Question 2: Where can I find out the meaning of each parameter in config.inpfer_primary_YOLOV8.txt? I couldn’t find any introduction to the network type parameter in the introduction file of the deepstrea-yolo folder. upload.tar.gz (2.3 KB)
I promise it’s a detection model,but use the latest deepstream-yolo convert file(export_yolov8.py), the onnx model only have one output header,should I use the convert file that not the latest version?
The postprocessing I mentioned in this topic is the postprocessing which parse the model’s output and calculate the bboxes from the model’s output. The postprocessing should be aligned to the model you use.
Okay, I understand what you mean. How should I configure the config_infer_primary_yoloV8.txt file for post-processing if the output header of the model is one?
i use the deepstream-yolo proj to generate onnx,and use the
deepstream-app -c config_primary_yolov8.txt
tool to generate the engine format that can run detection analysis on jetson device.i use the above upload file to generate onnx and engine but when I run it’s acount a segmentation error.
you must generate a correct onnx model
here is how I export the onnx with python:
from ultralytics import YOLO
model = YOLO("yolov8s.yaml")
path = model.export(format="onnx", imgsz=(640, 640)) # return path to exported model
yolov8’s output format is different with yolov7, so you must rewrite the cuda function “NvDsInferParseYoloCuda” to adapt the yolov8’s post processing.
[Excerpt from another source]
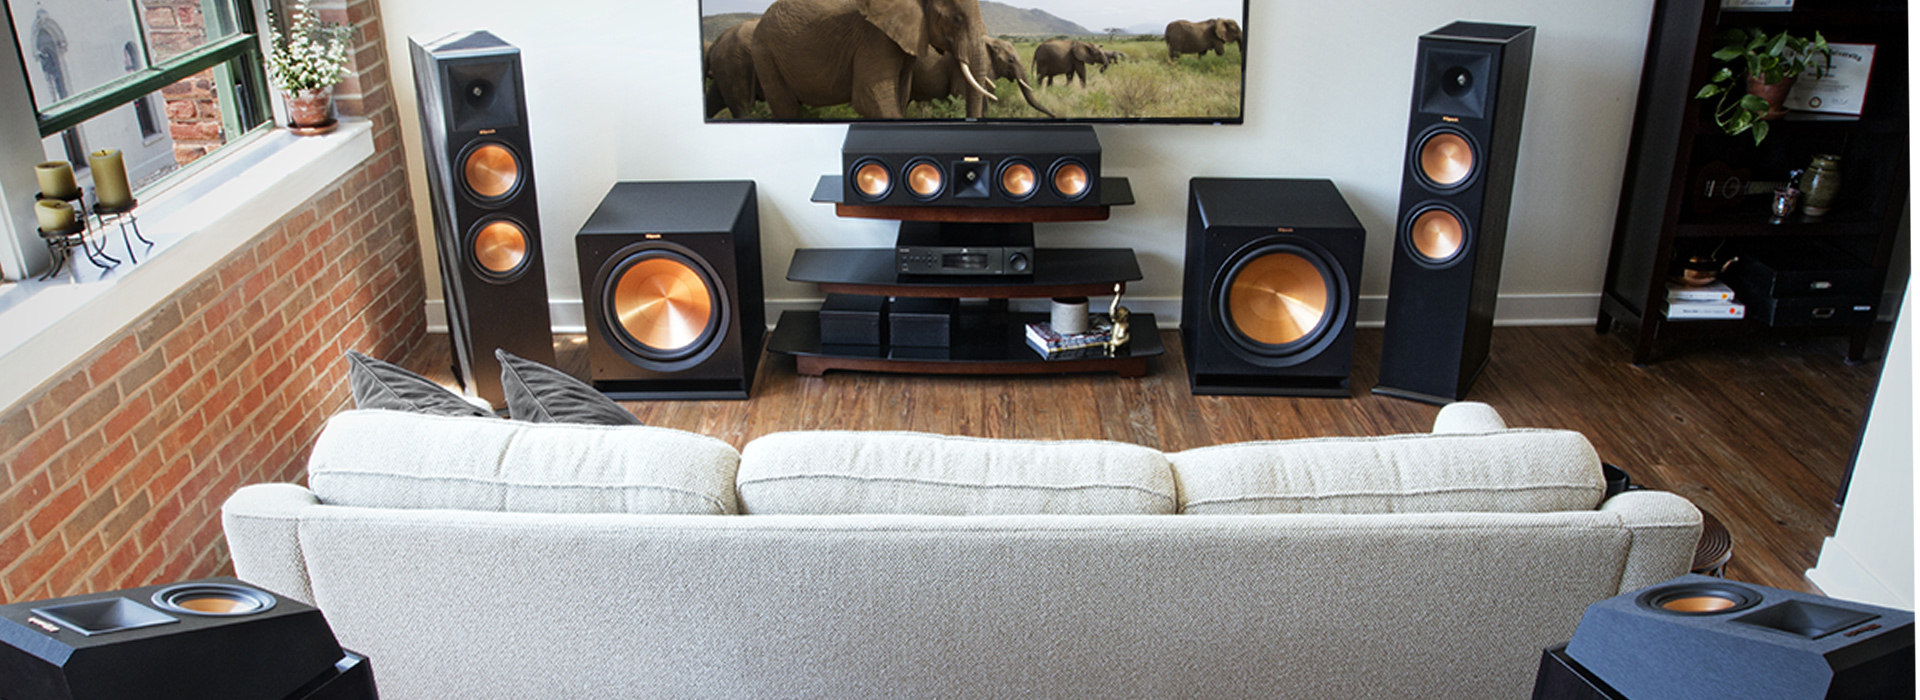 speakers for living room tv

Without that you can not got correct result with this repo
You’ve already configured your postprocessing function “NvDsInferParseYolo” with “network-type=0” in the configuration file. This postprocessing function caused the crash. So you need to debug your postprocessing function “NvDsInferParseYolo”, it may not match to your model.
ok, thank you so…much for your reply ! I don’t know if I can understand it this way. Network type parameters equal to 0, 1, and 2 do not necessarily correspond exactly to the model type. Previously, I saw that network type=0 corresponds to detection, and equal to 2 represents classification. In fact, the detection model can also be set to network type=2, right?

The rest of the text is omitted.